I am currently using 3years old WD 1TB Caviar green HDD as my primary HDD with partitions for windows, games and movies etc. i have 3 options as of now

1. buy a WD blue 1TB internal HDD @4.1k and use it as primary HDD [OS and games, might improve performance] and use current WD green to dump all the data.

2. Buy a WD Green 1.5TB from shopclues @ 4.5k [more value for money but no improvement in performance]

3. Get portable/external 1TB HDD @4.5k [maybe more reliable than internal as it will spend less time hooked onto PC . no improvement in performance]


my requirements : Reliability and value for money


----------



## gameranand (Jul 18, 2013)

Get WD Blue.
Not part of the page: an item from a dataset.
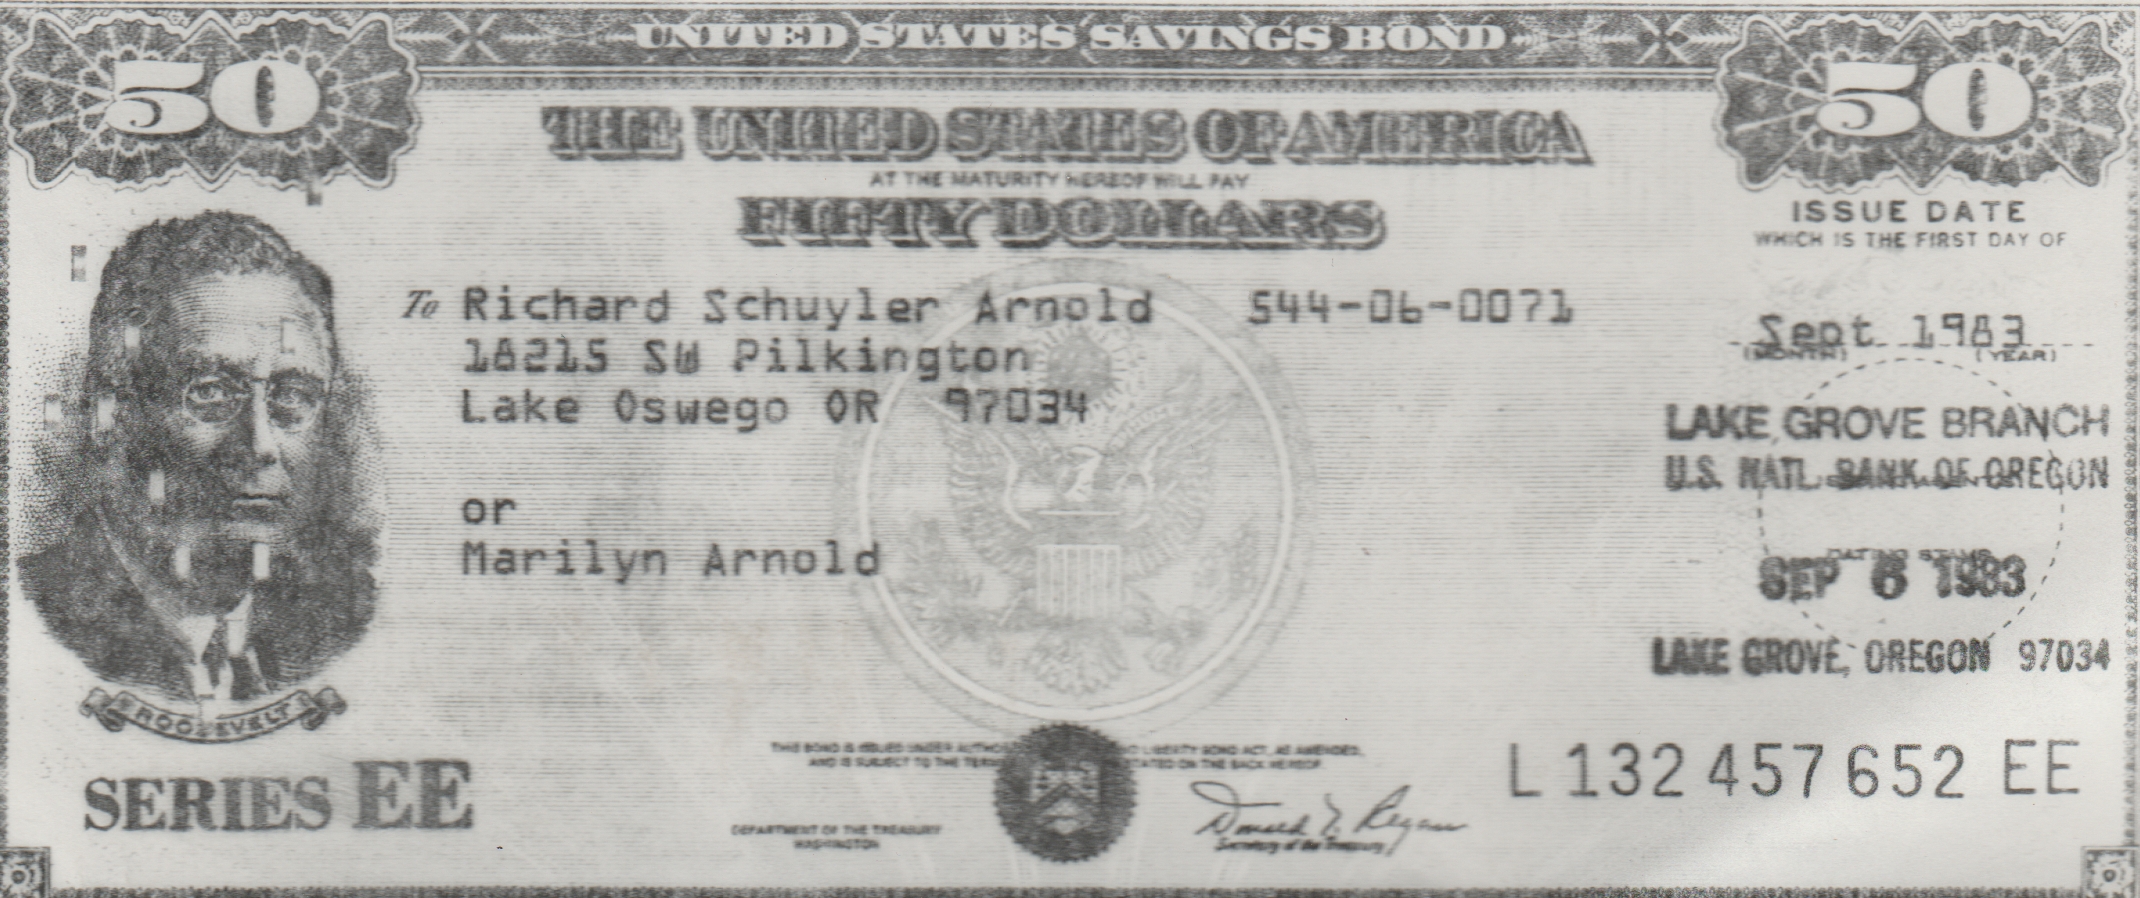 1983-09-06 - $50 USD Savings Bond - Rick, Lake Grove, OR 97034, Series EE, or Marilyn, checked in 1992.jpg

The best option.


----------



## rajnusker (Jul 19, 2013)

Get an external drive.


----------



## Chaitanya (Jul 19, 2013)

Bencollins said:


> I need a HDD to *dumb* my data



LOL... 

Do you need portability of Data?? 
Suppose you want access to data on move..(then get Ext HDD.)

BTW 24/7 running PC doesn't mean poor reliability.. (make sure the HDD's run cool & are protected from physical damage.)
If it really concerns you then you may look for WD Red or equivalent NAS drive from other manufacturers.. But WD Blue(as suggested above is good enuf).



Bencollins said:


> 2. Buy a WD Green 1.5TB



worst thing you can expect from WD green is reliability(least reliable drives in market).


----------



## Bencollins (Jul 20, 2013)

gameranand said:


> Get WD Blue. The best option.


what about WD green?



Chaitanya said:


> LOL...



dump*   



> Do you need portability of Data??
> Suppose you want access to data on move..(then get Ext HDD.)
> 
> BTW 24/7 running PC doesn't mean poor reliability.. (make sure the HDD's run cool & are protected from physical damage.)
> ...



portability is not a requirement as i already have a portable hdd.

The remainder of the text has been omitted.